Modi is chasing a record-equalling third straight term like India's first prime minister, Jawaharlal Nehru. Modi says another overwhelming victory for the National Democratic Alliance, led by the BJP, is crucial to meet his goal of lifting India to a developed economy by 2047 from middle-income levels. The world's fifth-largest economy has grown fast in the past few years and Modi has "guaranteed" to take it to the third position if he wins the election.

The BJP draws its support mainly from Hindus, who form 80% of the country's 1.42 billion people and for whom Modi earlier this year delivered on a key party promise of building a grand Hindu temple on a disputed site.

The opposition "INDIA" alliance, largely a centre-left grouping of more than two dozen disparate parties, says a victory for it is essential to save the country's democratic and secular setup, lift its marginalised communities, raise prices for farmers and create jobs for its young. Opinion polls, which have a mixed record in India, predict another thrashing of the Congress alliance at the hands of the BJP.

What are the key issues?

Inflation: In the past decade under Modi, the Indian economy has jumped five places to the fifth position in the world and he has "guaranteed" to lift it to third position should he win the election. Fruits of the booming economy, however, are more visible in the cities than in the vast countryside. A sharp price rise has also been a concern.

Welfare policies: Since the COVID-19 pandemic, the government has been giving free food rations to 814 million of India's 1.42 billion people. Some critics have said the fact that the government feels the need to support nearly 60% of India's population with free cereal is a sign of uneven economic growth in the country. 

Corruption:  A government agency that investigates suspected money laundering has summoned, questioned, raided or arrested nearly 150 opposition politicians in the past decade. In the same period, it has investigated only about half a dozen ruling party politicians.
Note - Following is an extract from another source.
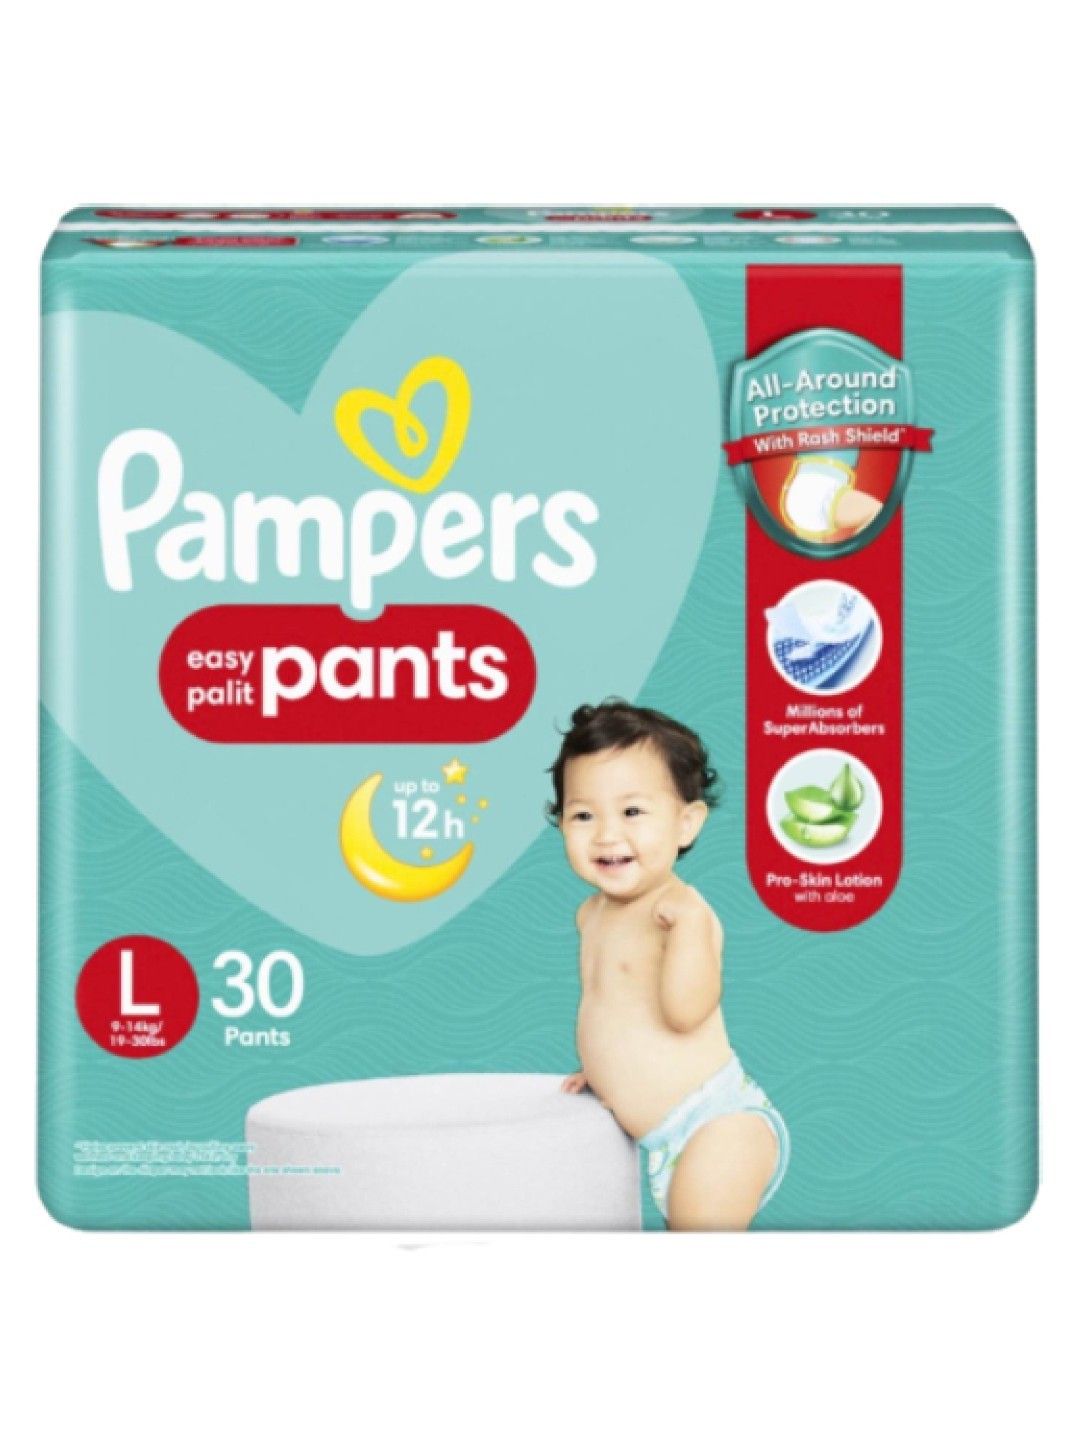 Pampers Baby Dry Pants Large 30s x 1 pack (30 pcs)

Unemployment: Modi first came to power in 2014 partly on the promise of creating tens of millions of jobs for the country's youth but has largely failed to deliver. The unemployment rate rose to 8% in February, according to the privately held Centre for Monitoring Indian Economy. 

Farmers: The BJP had promised to double farm income by 2022 in its manifesto for the last election, but there is no sign of that. Protesting farmers, especially from the northern state of Punjab, forced Modi in 2021 to roll back three farm reform laws, a rare policy reversal by him. 

Hindu reawakening: Modi in January led the consecration of a grand temple to Hindu God-king Ram on a site believed to be his birthplace, fulfilling a 35-year-old promise of the Hindu-nationalist BJP. A Hindu mob in 1992 pulled down a 16th-century mosque on the site, which many Hindus believe was built over a demolished temple under the Mughal ruler Babur.

Modi's government has ended federal support for Muslim schools, or madrasas, and some BJP states have either closed many of them or are on the verge of doing so, despite opposition from Muslim leaders.

Modi has also implemented a citizenship law that has been criticised as discriminating against Muslims, granting nationality to Hindus, Parsis, Sikhs, Buddhists, Jains and Christians who fled to India due to religious persecution from Muslim-majority Afghanistan, Bangladesh and Pakistan before Dec. 31, 2014.